A aliança entre PL e MDB foi oficializada durante a convenção estadual do MDB, realizada na terça-feira (4). A composição definiu a deputada estadual e presidente estadual do MDB, Janaína Riva, como candidata ao Senado, ao lado do deputado federal José Medeiros (PL). Os dois integram a chapa encabeçada pelo senador Wellington Fagundes (PL), que disputará o Governo de Mato Grosso.

A aproximação entre as duas siglas, porém, provocou resistência dentro do PL. Entre as lideranças que já manifestaram desconforto com a composição estão a prefeita de Várzea Grande, Flávia Moretti (PL), o prefeito de Cuiabá, Abilio Brunini (PL), a primeira-dama da Capital, vereadora Samantha Iris (PL), o prefeito de Rondonópolis, Cláudio Ferreira, e o deputado federal José Medeiros.

Durante entrevista concedida à imprensa na convenção do Partido Novo, na quarta-feira (5), Ananias afirmou que eventuais dissidências não serão toleradas caso se transformem em campanha pública para candidatos adversários.

“Vou expulsar, não. Eu tenho certeza que quem for homem de verdade, tiver caráter e quiser fazer campanha para outro, vai lá e pede a sua desfiliação”, declarou.

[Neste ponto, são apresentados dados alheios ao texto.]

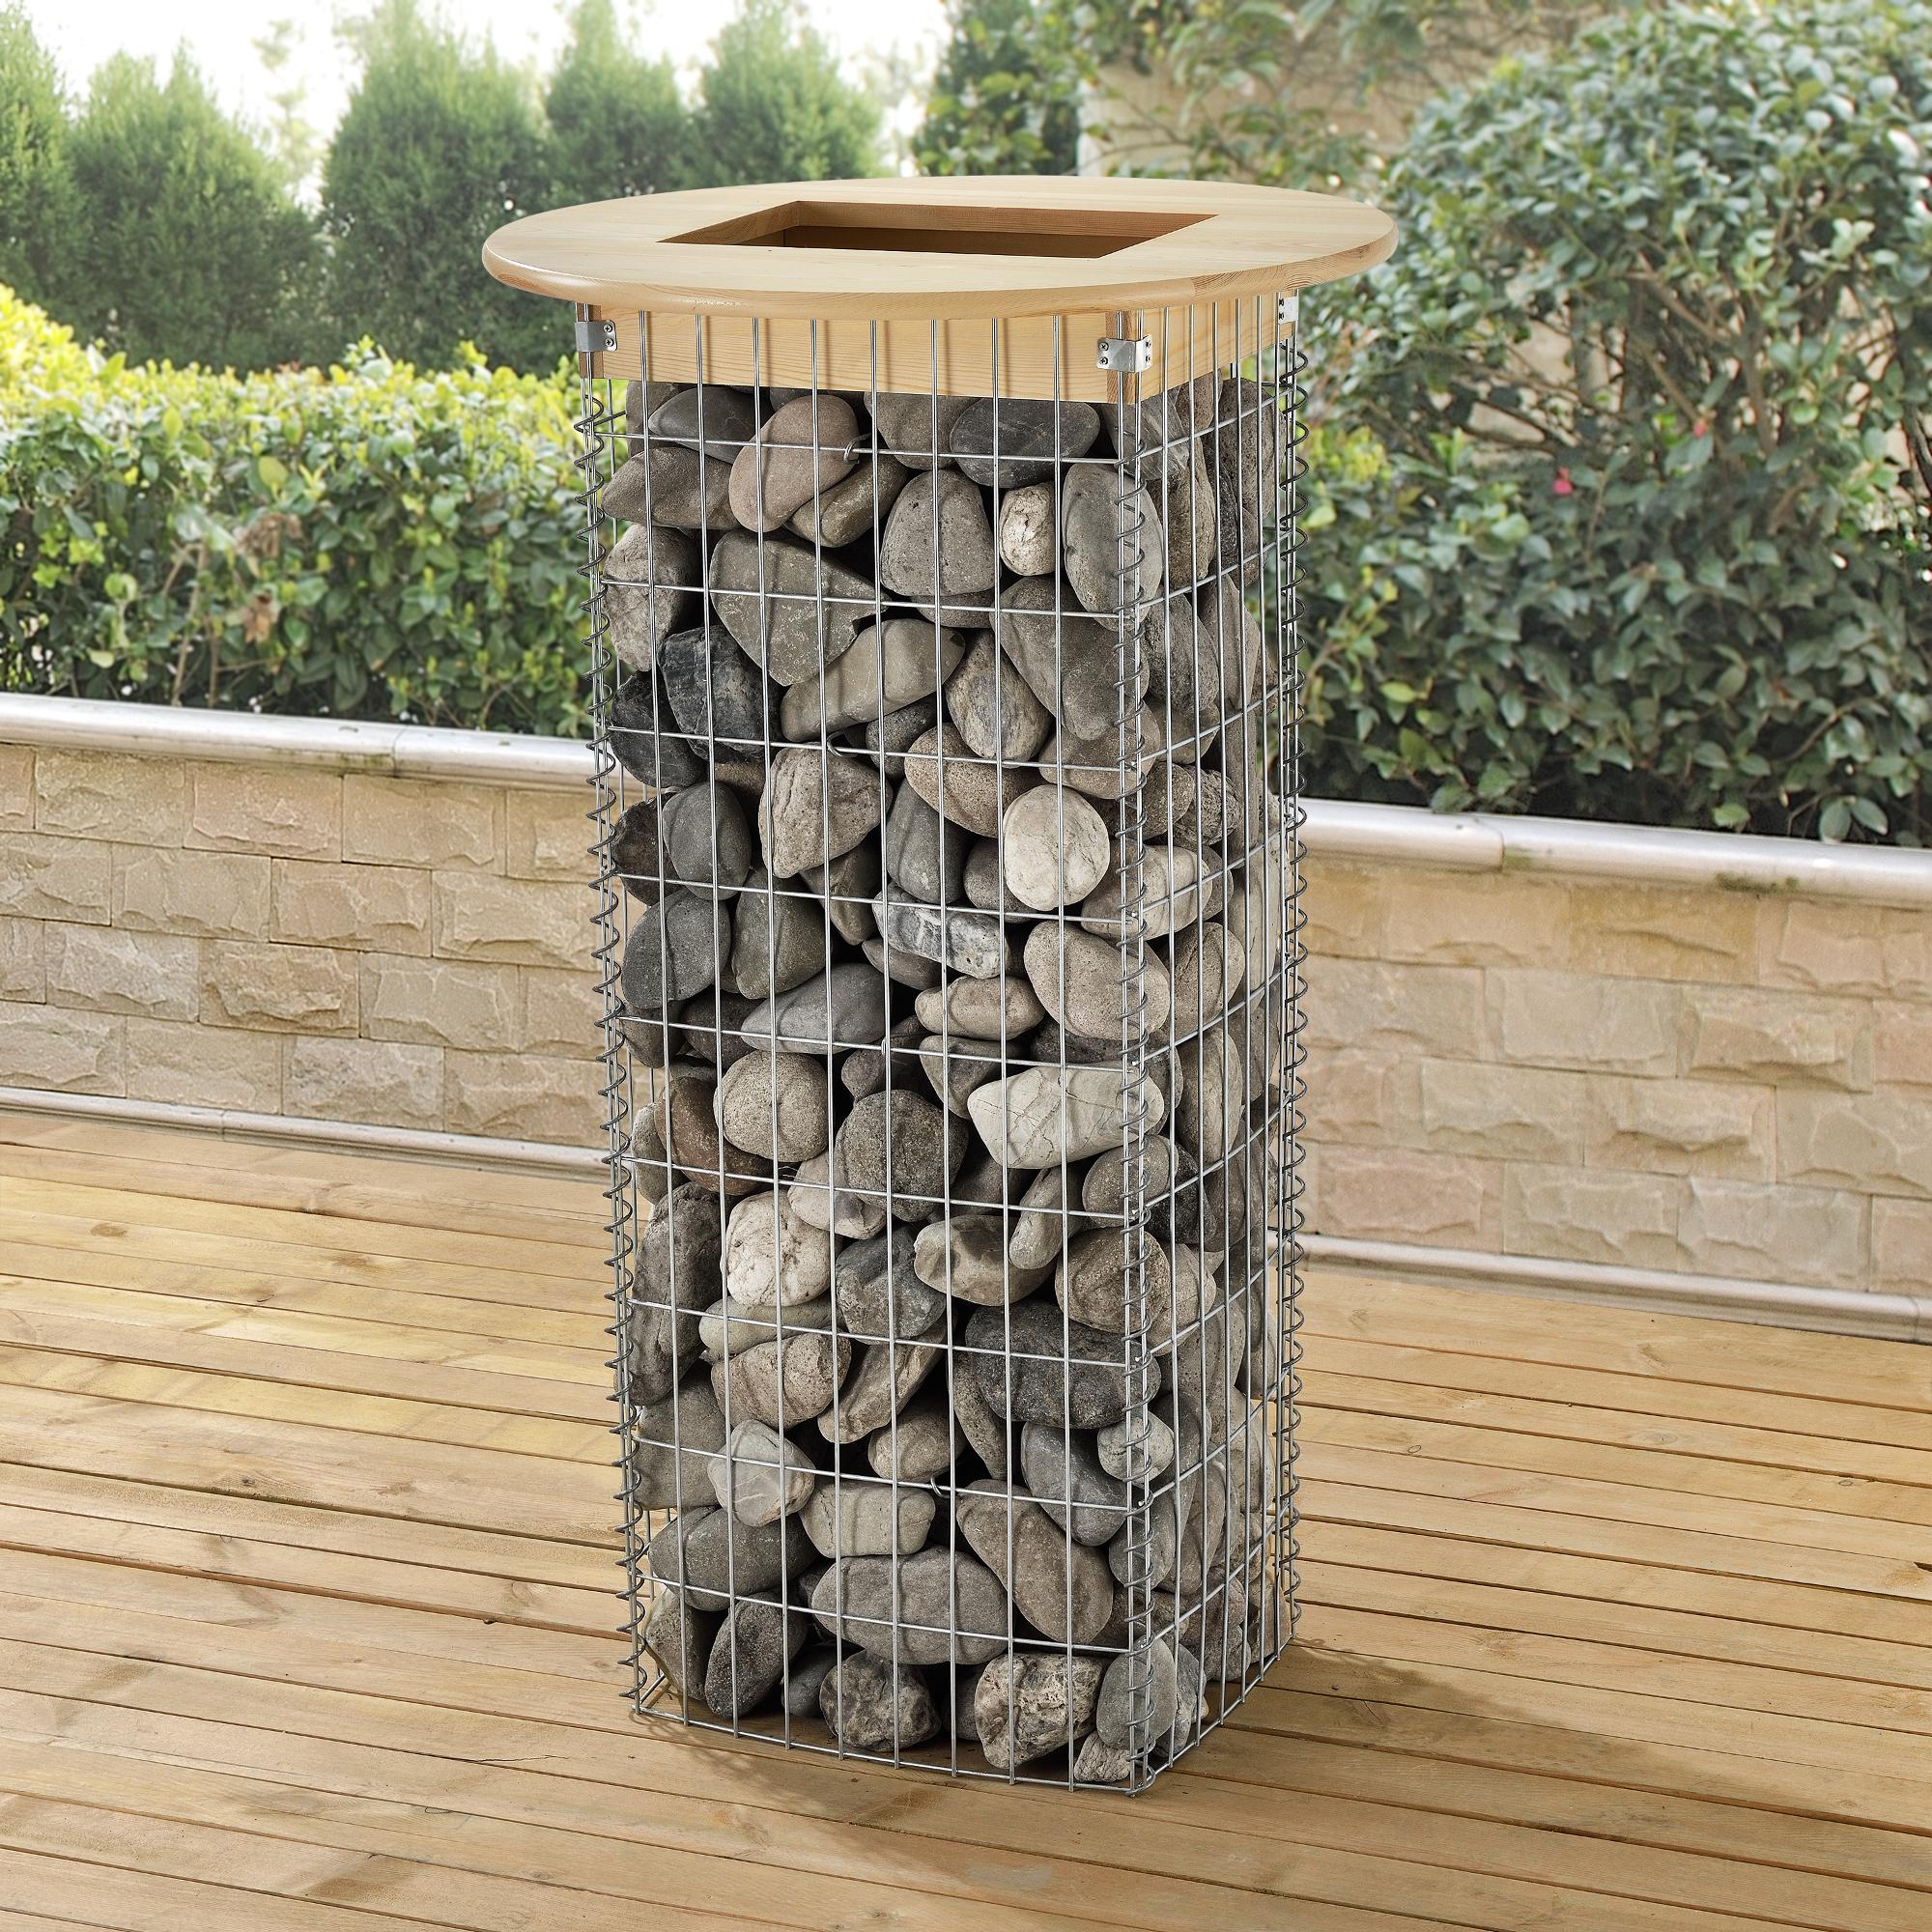 gabione 115x43x34cm steinkorb drahtkorb s ule stein gabionen eckig 4059438099526 ebay. Black Bedroom Furniture Sets. Home Design Ideas

Segundo o dirigente, com a formalização da aliança, os partidos que integram o arco passam a atuar sob uma coordenação conjunta.

“Quando se faz a coligação, não existirá mais PL, Novo ou MDB, vai existir um conselho que vai passar a comandar todos os candidatos. Todos os candidatos vão ficar sob a mesma tutela de uma direção única”, afirmou.

Ananias disse ainda que não aceitará que integrantes do PL façam campanha para candidatos que não estejam no grupo formado pela aliança.

“Quem não quiser fazer campanha para o Wellington Fagundes, para Marcelo Maluf, para os nossos senadores, lamento. Isso aí dá infidelidade e infidelidade eu não vou aceitar!”, afirmou.

O presidente estadual do PL também fez uma distinção entre não apoiar publicamente a coligação e fazer campanha contra ela. De acordo com Ananias, filiados que preferirem permanecer em silêncio durante o período eleitoral não serão punidos.

“Eu não irei obrigar ninguém a apoiar nossos candidatos, mas também não irei aceitar ninguém que está com o mandato para ficar falando que vai apoiar candidatos de fora”, disse.

Ananias também criticou integrantes que receberam recursos do fundo eleitoral e, posteriormente, decidirem apoiar candidaturas adversárias. Para ele, quem não concordar com a estratégia política definida pelo partido deveria deixar a legenda.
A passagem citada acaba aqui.